Explore
Chapter 2
Literature Review
This Chapter reviews the academic literature on corpus linguistics studies specifically in the context of BE, provides an overview of the use of corporate annual reports in ELT pedagogy and establishes the theoretical framework (i.e. lexical approach) which underpins the corpus-based materials which were developed.
2.1. Corpus Linguistics
2.1.1 Definition
Bowker and Pearson (2002:9) simply describe a corpus (pl. corpora) as “a large collection of authentic texts that have been gathered in electronic form according to a specific set of criteria”, or as McEnery and Baker (2017:1) put it, a corpus can be understood as “large bodies of machine-readable texts”. Corpora are digital files that can be analysed with the help of software known as corpus analysis tools or concordancers. Baker and Pearson (2002) point out that corpora are an extraordinary resource for linguists and language researchers. In a corpus investigation, small fragments of a text are examined, such as individual words or multi-word bundles, and multiple fragments can be examined simultaneously, therefore our interaction with corpora differs significantly from the way we interact with printed texts. Finally, it is important to note that a corpus is “not simply a random collection of texts” (Bowker and Pearson, 2002:11) but the texts in a corpus are selected according to “explicit criteria in order to be used as a representative sample of a particular language or subset of that language” (ibid.:11), i.e. of a particular subject field.
2.1.2 Types of corpora
Bowker and Pearson state: “There are almost as many different types of corpora as there are types of investigations” (2002:11). They subsequently identify types of corpora according to various criteria, such as the size, purpose, type of texts. The corpora are therefore classified as:
(a) General reference vs special purpose: general corpus refers to one representative of a given language as a whole and can therefore be used to make general observations about that particular language. A special purpose corpus focuses on a particular aspect of a language, such as the LSP of a particular subject field, a specific text type, language variety or the language used by members of a certain demographic group.

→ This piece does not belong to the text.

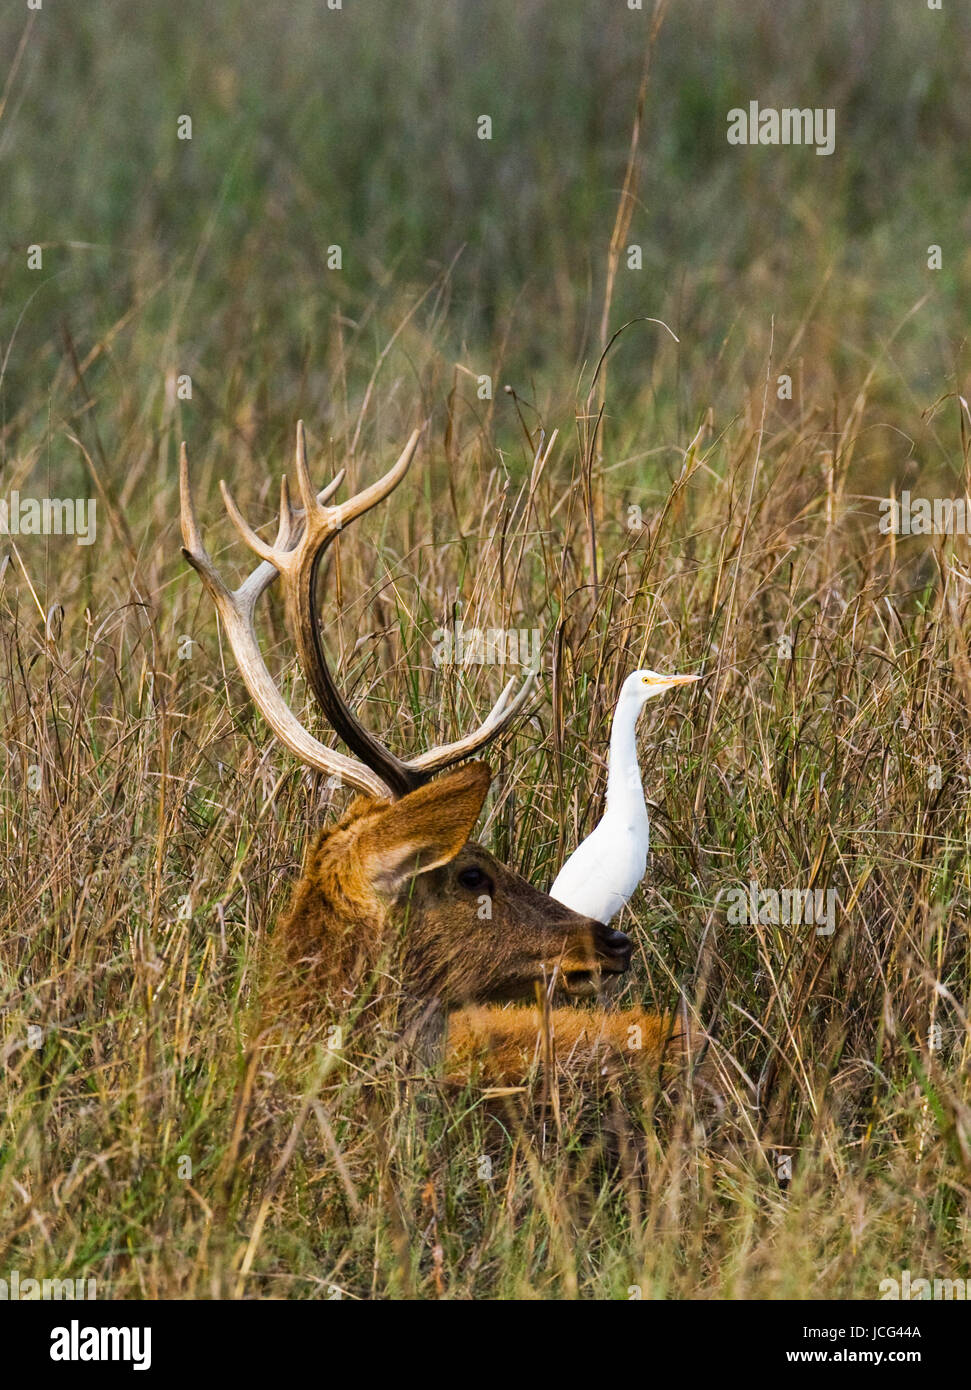 Hirsche mit schönen Hörnern, die in der Wildnis im Gras liegen. Indien. Nationalpark. Stockfoto
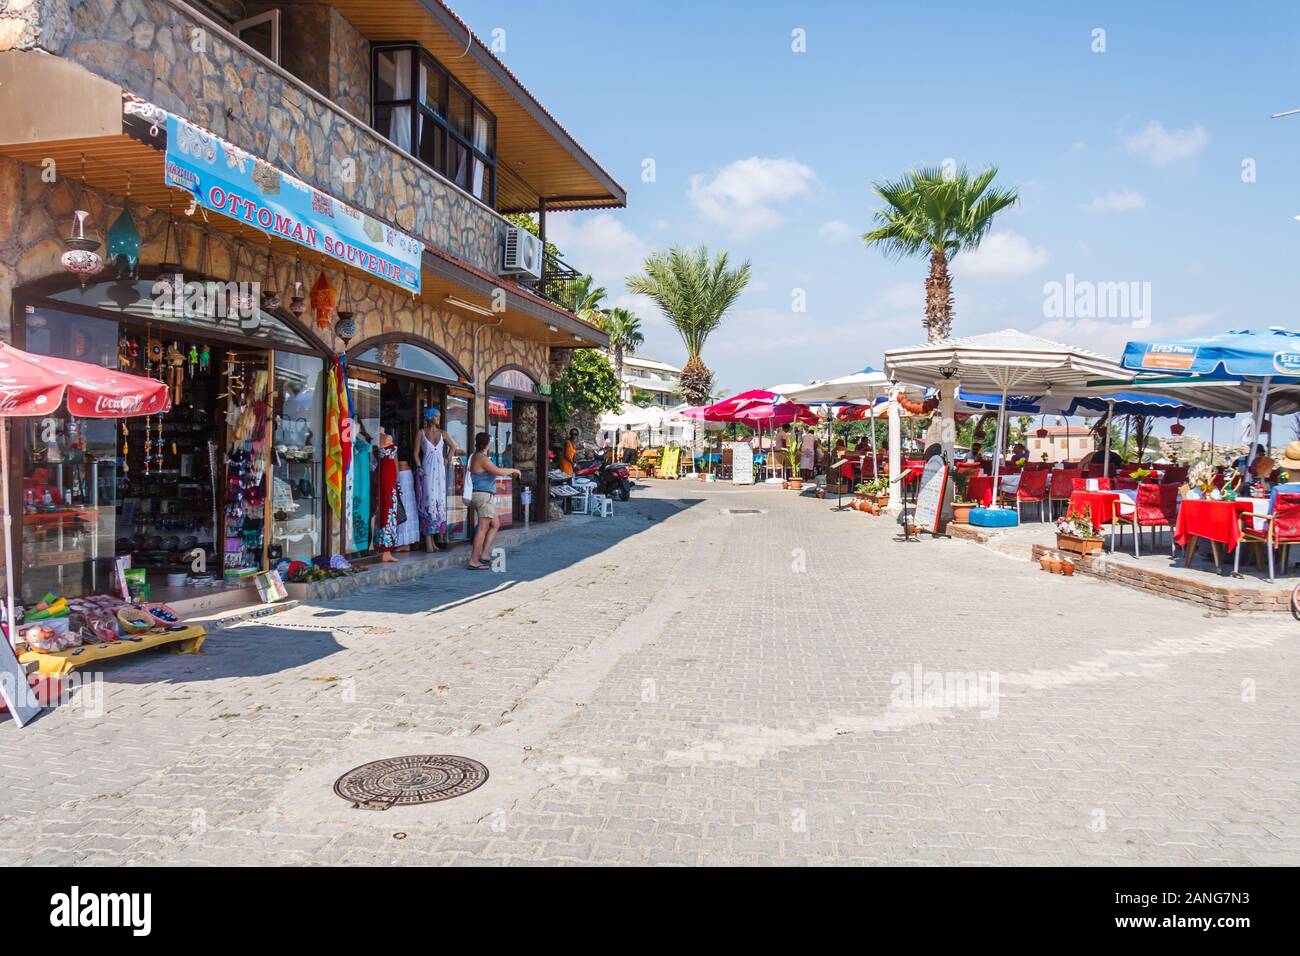 Side, Türkei - 9. September 2011: Geschäfte und Restaurants direkt am Strand. Die Stadt ist ein populat Reiseziel. Stockfoto

(b) Written vs spoken vs multimodal: a written corpus contains written texts, while a spoken corpus consists of transcripts of spoken material. Additionally, multimodal corpora combine different media.
(c) Monolingual vs multilingual: a monolingual corpus contains texts in a single language, a multilingual corpus contains texts in two or more languages.
(d) Synchronic vs diachronic: a synchronic corpus presents a snapshot of language use during a limited time frame, whereas a diachronic corpus can be used to study how a language has evolved over a long period of time.
(e) Open vs closed: An open (monitor) corpus is one that is constantly being expanded, a closed (finite) corpus is one that does not get augmented once it has been compiled.
(f) Learner corpus: A learner corpus is one that contains texts written by learners of a foreign language, created for the purpose of comparison and identification of the types of errors made by the learners. (ibid. 2002:11-13)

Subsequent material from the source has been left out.